WORK REQUIRED. Transcribe every line of the material below without change, apart from dropping the pictures.

INPUT DATA.
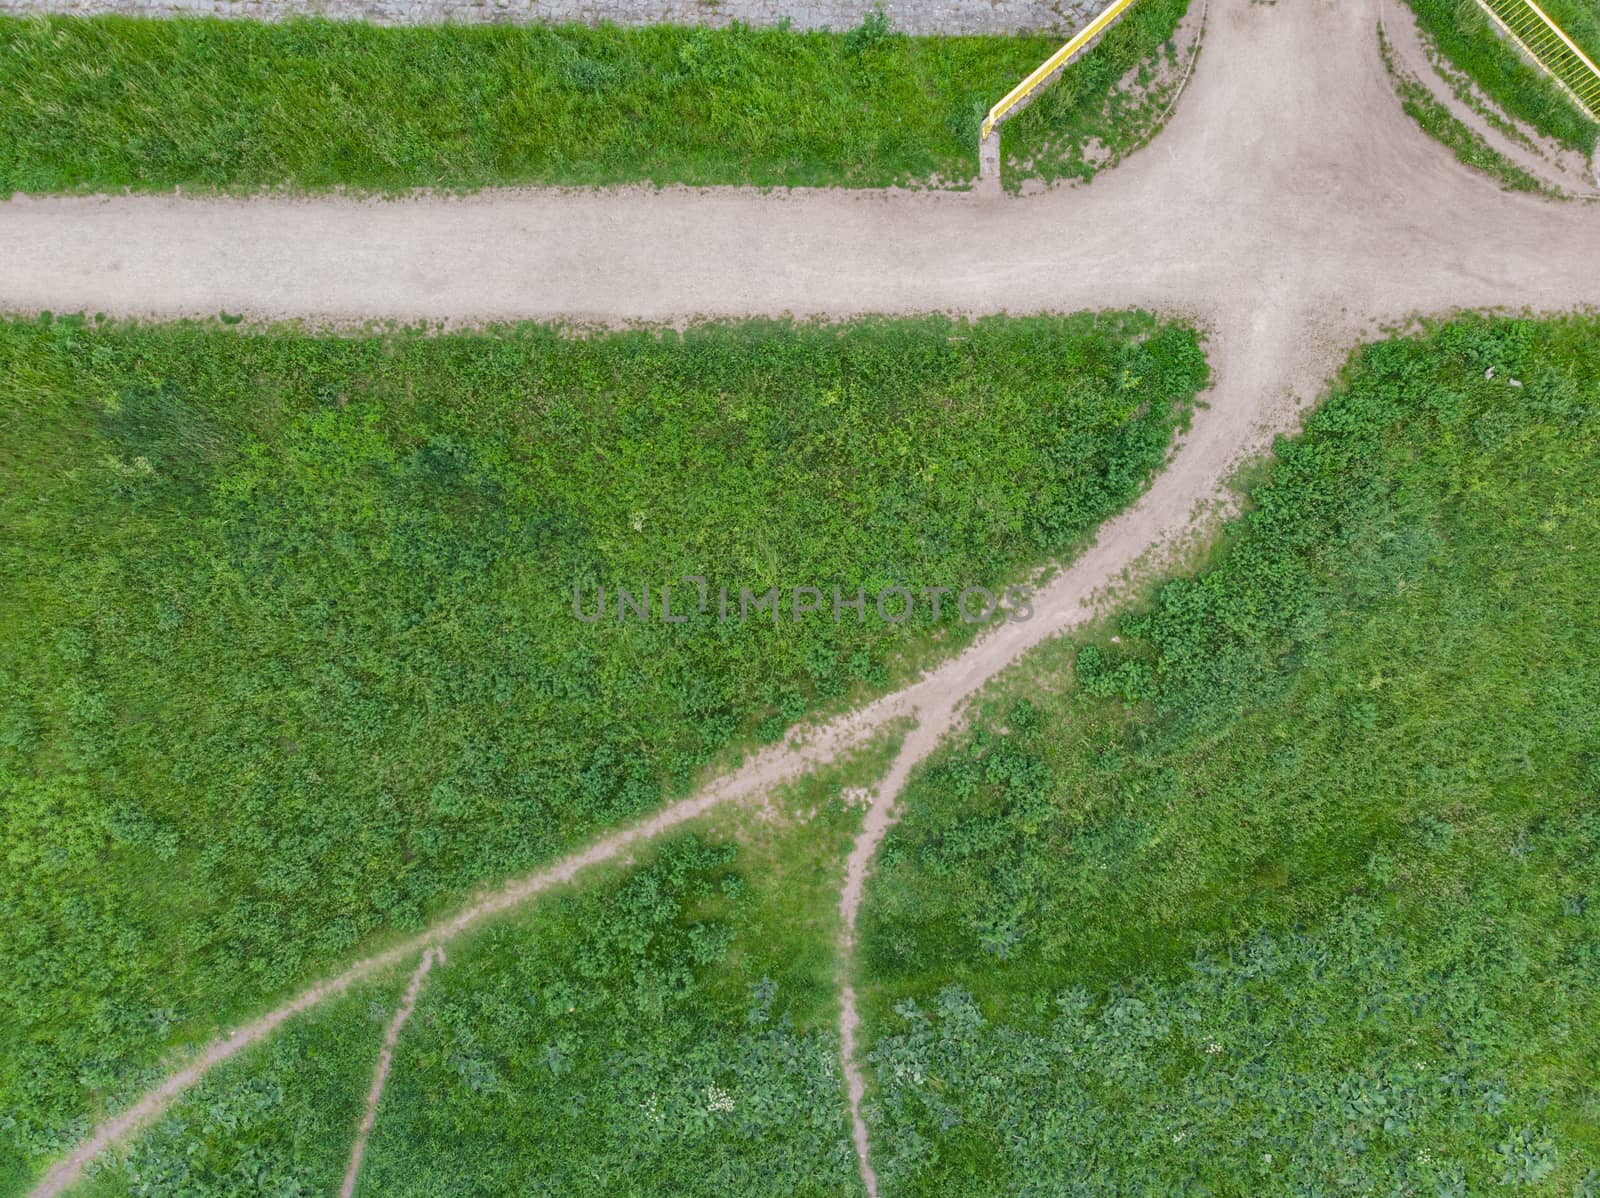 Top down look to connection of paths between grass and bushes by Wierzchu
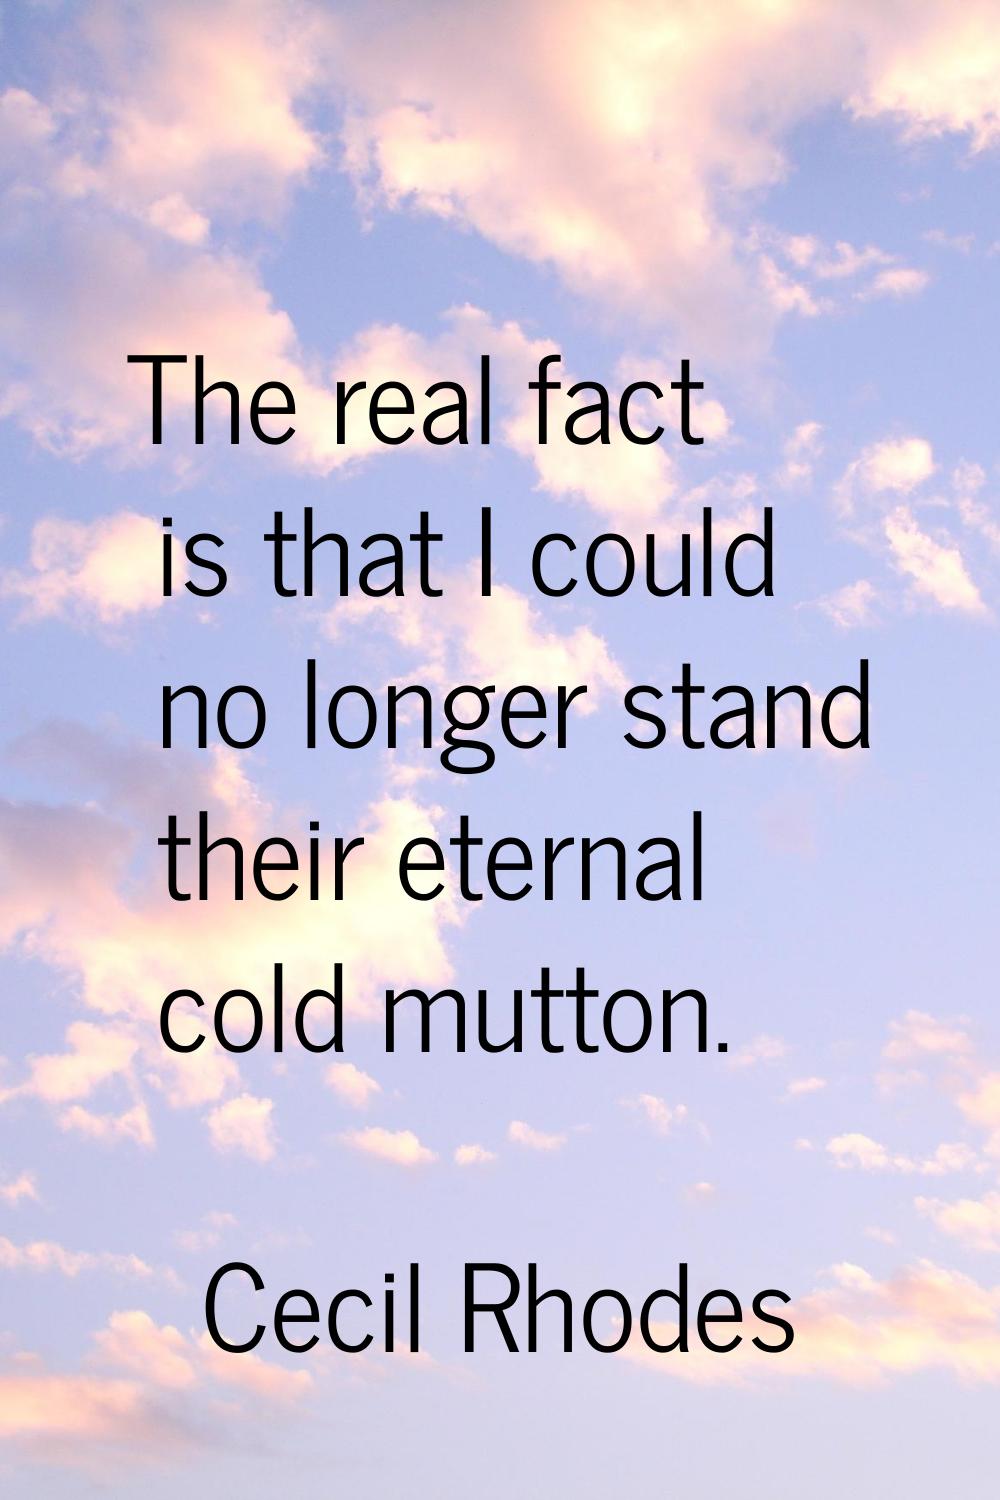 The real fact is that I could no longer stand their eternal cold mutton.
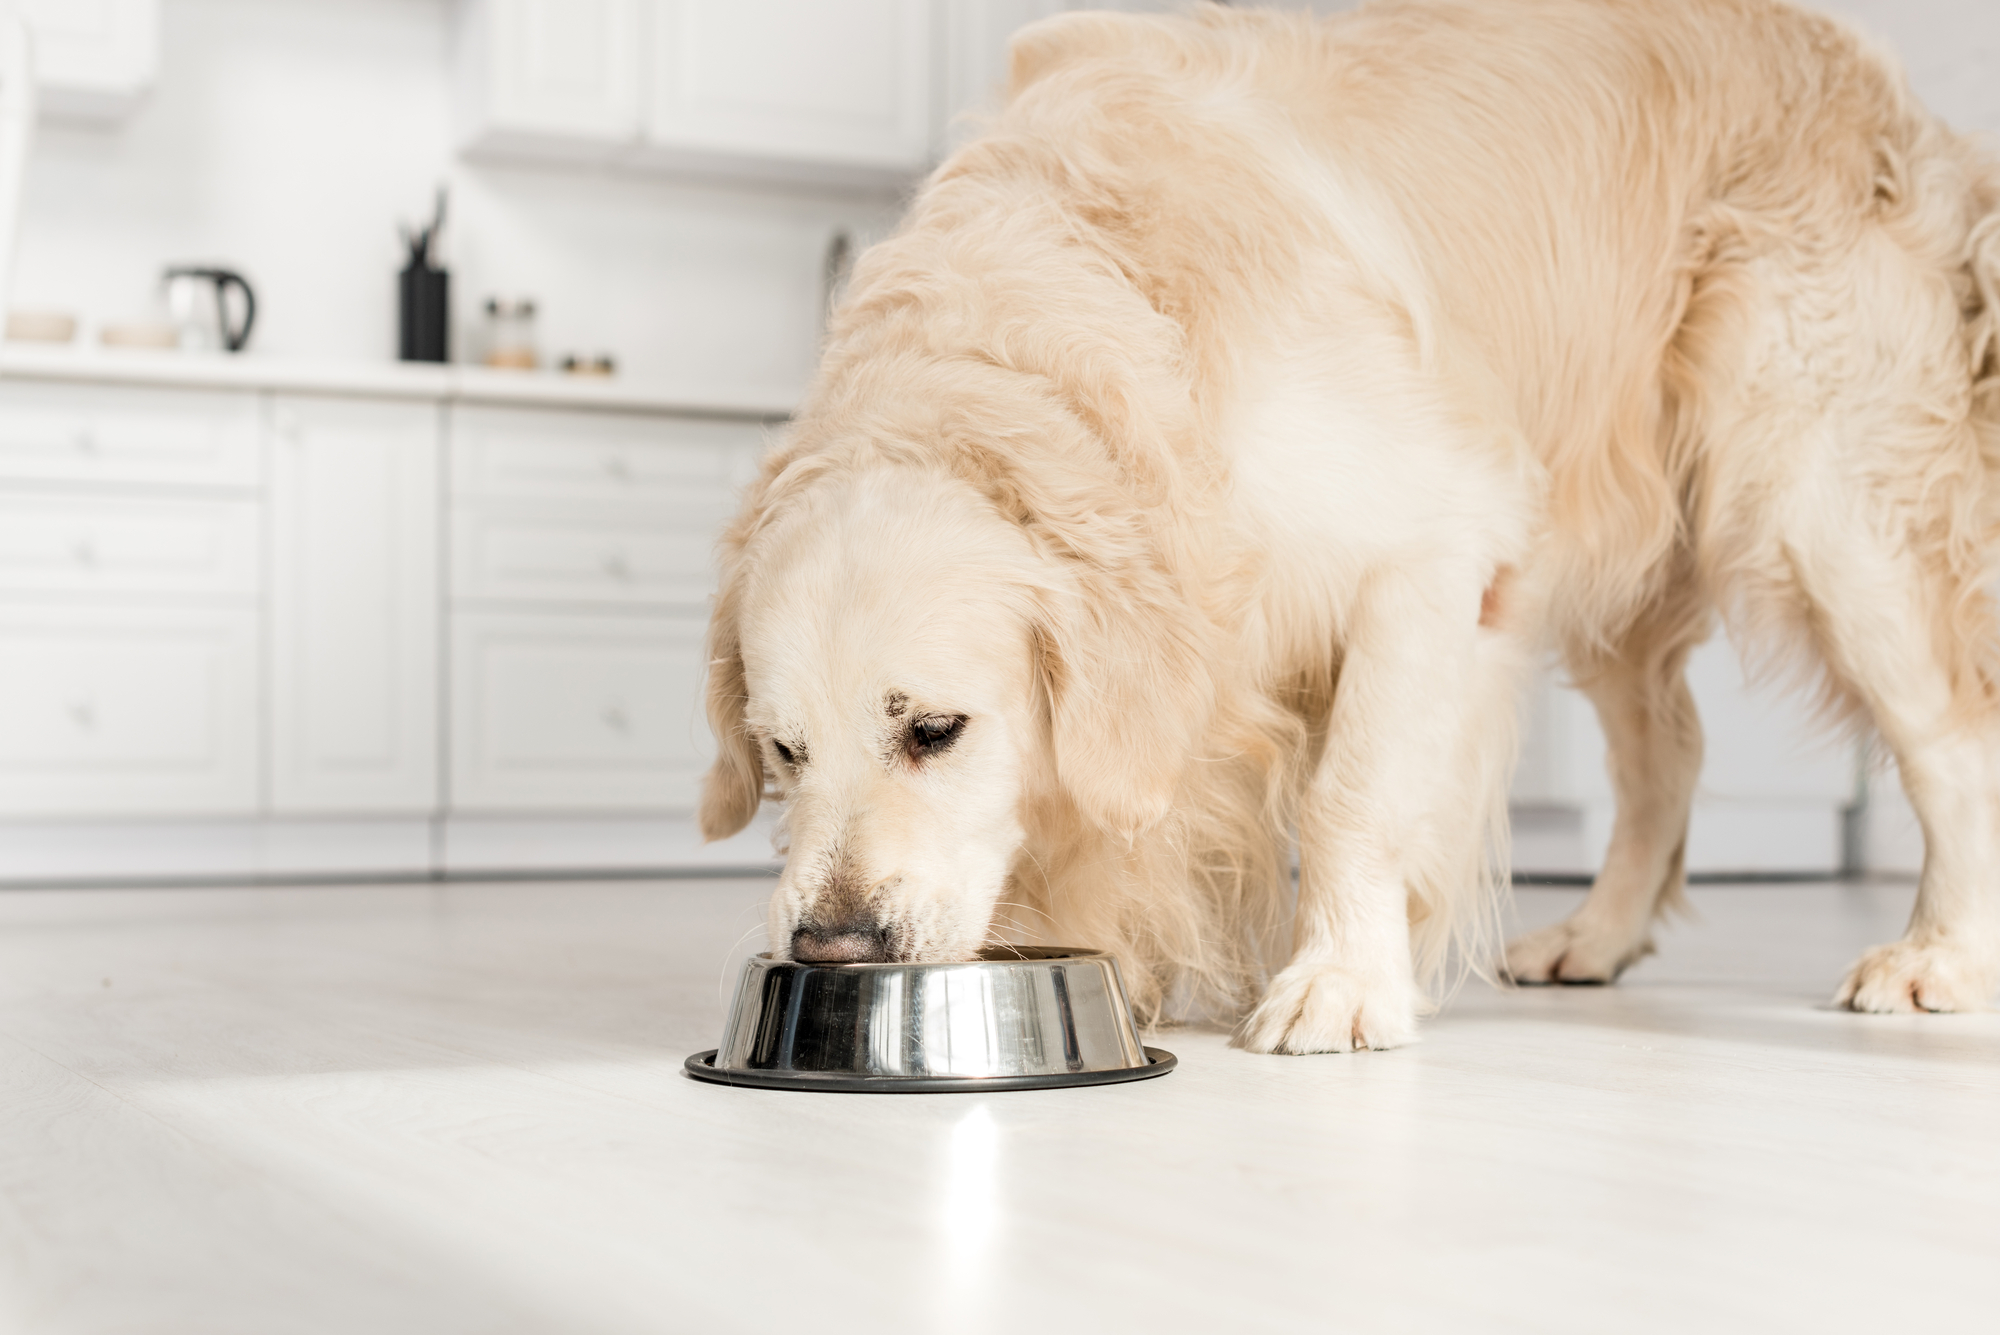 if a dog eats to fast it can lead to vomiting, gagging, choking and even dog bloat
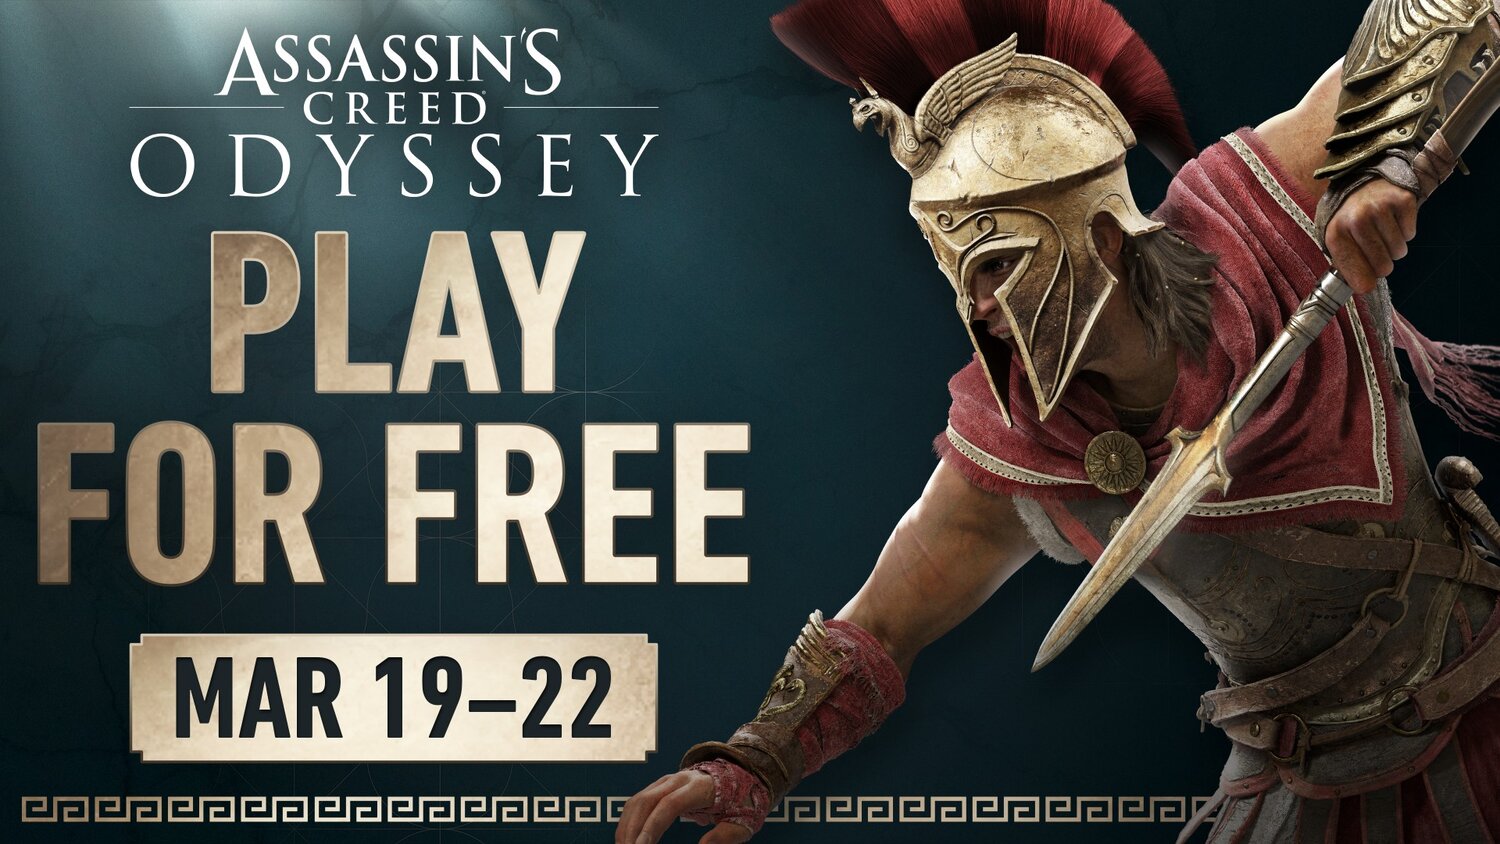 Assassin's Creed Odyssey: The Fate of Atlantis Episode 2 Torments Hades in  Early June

SOLUTION BELOW.
 Top down look to connection of paths between grass and bushes by Wierzchu
 The real fact is that I could no longer stand their eternal cold mutton.
 if a dog eats to fast it can lead to vomiting, gagging, choking and even dog bloat
 Assassin's Creed Odyssey: The Fate of Atlantis Episode 2 Torments Hades in  Early June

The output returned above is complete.